NVIDIA's TensorRT-LLM framework supports speculative decoding with both internal and external draft models [11]. NVIDIA has demonstrated 3.6x throughput improvements on H200 GPUs. The framework integrates speculative decoding with other optimization techniques such as quantization and in-flight batching. NVIDIA's Model Optimizer library provides tools for training and optimizing draft models specifically for use with TensorRT-LLM.
SGLang, a high-performance serving framework developed at UC Berkeley, supports speculative decoding as part of its runtime [12]. SGLang has shown competitive performance, particularly at moderate concurrency levels. The framework also supports SpecForge, a tool for efficiently training draft models tailored to specific target models and workloads.
| Framework | Speculative Methods Supported | Notable Features |
|---|---|---|
| vLLM | Draft model, EAGLE, P-EAGLE, Medusa | Automatic KV cache management, broad hardware support |
| TensorRT-LLM | Draft model (internal/external), EAGLE | Tight NVIDIA GPU optimization, in-flight batching integration |
| SGLang | Draft model, EAGLE, SpecForge | High concurrency performance, draft model training tools |
Speculative decoding has moved beyond research into large-scale production use. Google disclosed in December 2024 that speculative decoding powers AI Overviews in Google Search, reducing latency for billions of queries while maintaining the same quality of responses [1]. This deployment validated the technique's robustness at extreme scale.
Cloud AI platforms including AWS, Google Cloud, and Azure offer speculative decoding as a configurable option in their managed LLM inference endpoints. The technique has become a standard component of the modern LLM serving stack alongside continuous batching, KV cache optimization, and model quantization.

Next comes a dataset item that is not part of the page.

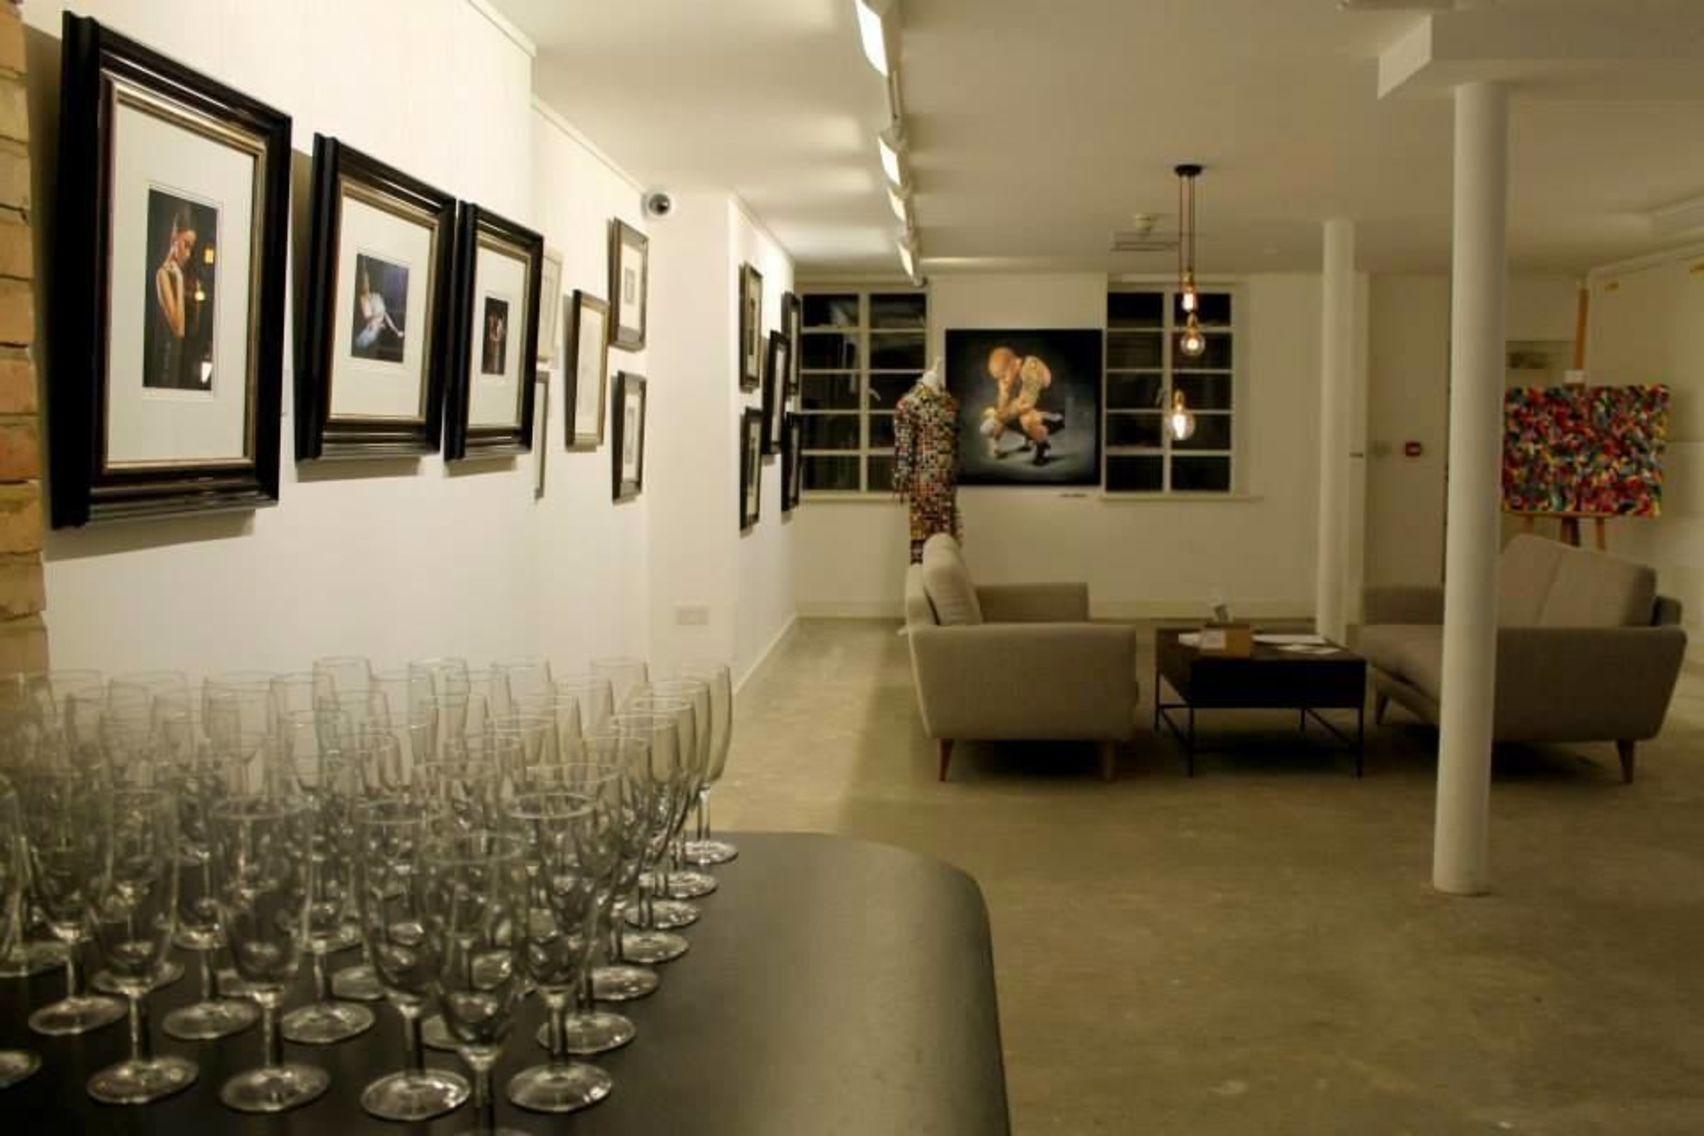 Day Hire, Lower Ground Floor, Darren Baker Gallery
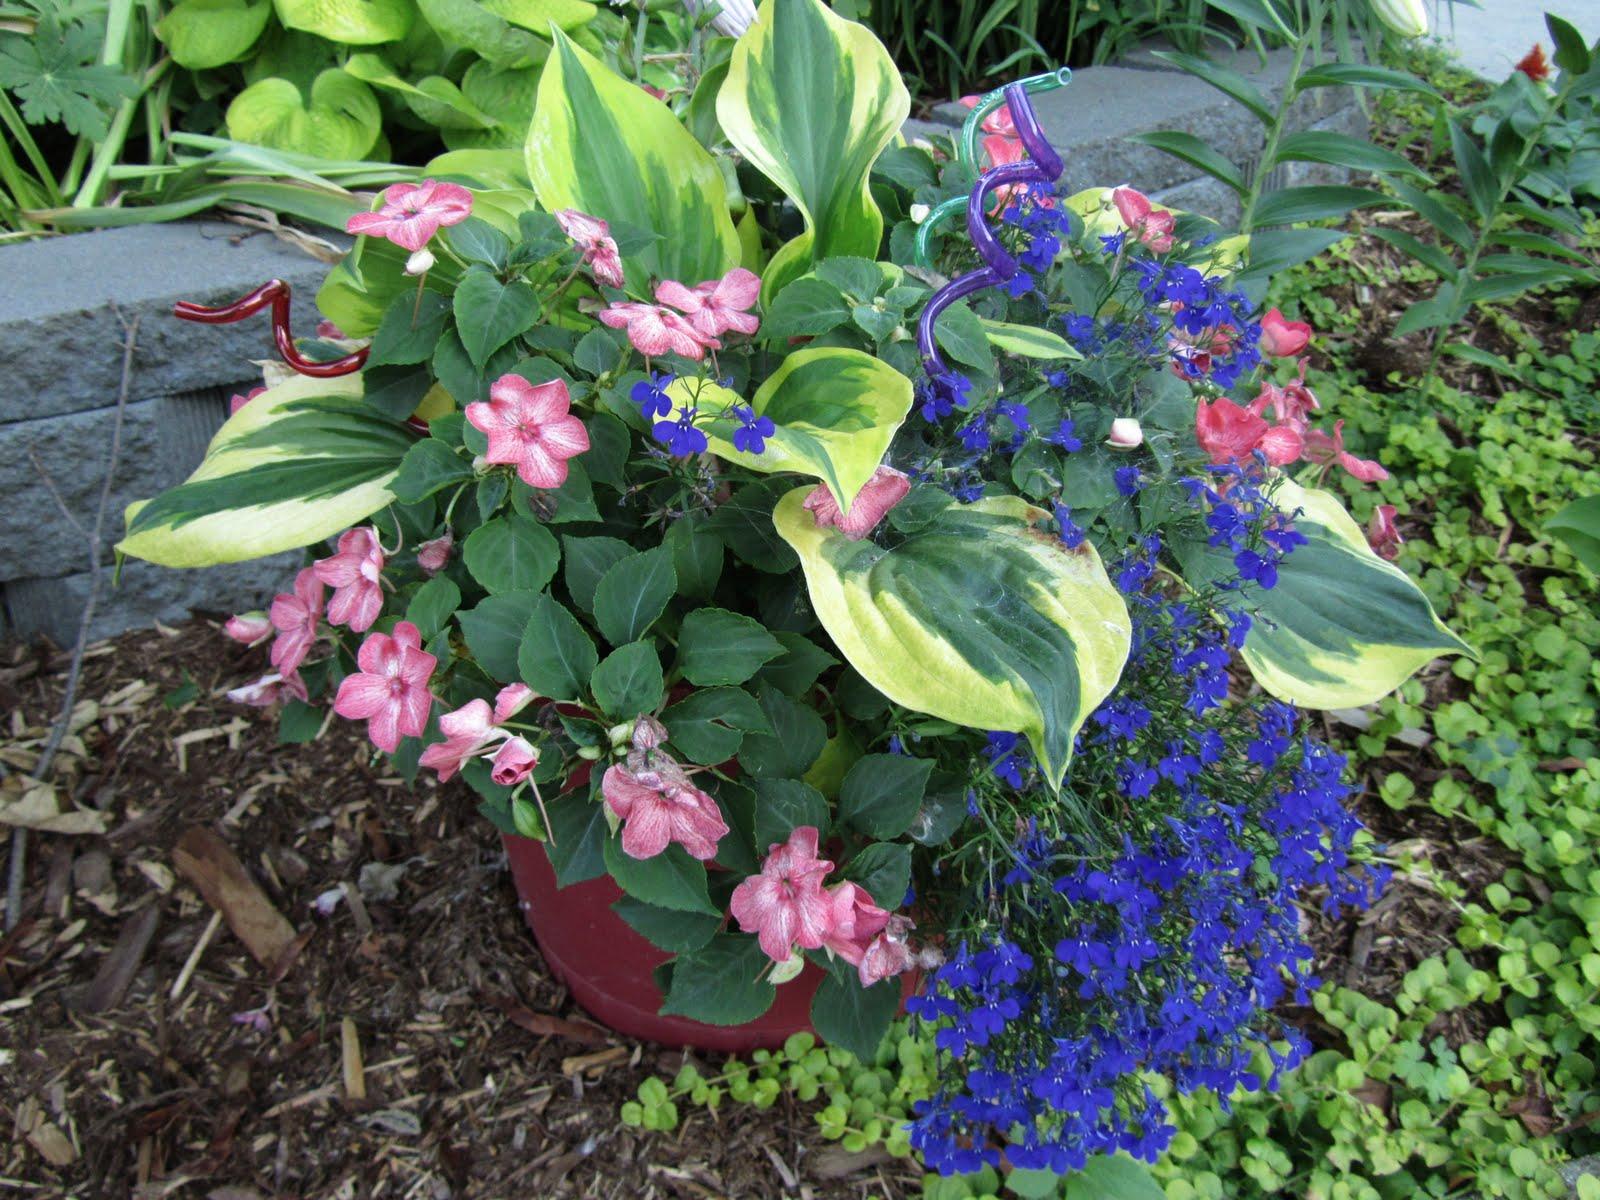 Hosta In Container Gardens Gardening Flower And Vegetables

As of early 2026, speculative decoding continues to evolve along several fronts.
Adaptive and online methods. Online Speculative Decoding (OSD), introduced in a 2025 UC Berkeley dissertation, continuously adapts draft models to the evolving distribution of queries during serving via online knowledge distillation. This addresses the problem of static draft models becoming misaligned with shifting workloads over time.
System-level co-optimization. TurboSpec and similar systems treat speculative decoding as a control problem, using offline profiling and online feedback to dynamically adjust parameters such as K and the draft tree structure at runtime. This closed-loop approach robustly optimizes performance across diverse and changing workloads.
Rethinking draft model design. Recent large-scale benchmarks have revealed that a draft model's language modeling accuracy does not correlate strongly with its speculative decoding throughput. Draft model latency is a far stronger determinant of end-to-end performance, suggesting that very small, fast models may outperform larger, more accurate draft models in practice.
Hardware co-design. As speculative decoding becomes a standard inference technique, hardware designers are beginning to consider its requirements. The technique's need for efficient parallel verification and fast draft generation may influence future GPU and accelerator architectures.
Speculative Speculative Decoding. Published at ICLR 2026, this work explores applying speculative execution principles recursively, speculatively generating the drafts themselves to further reduce latency [13].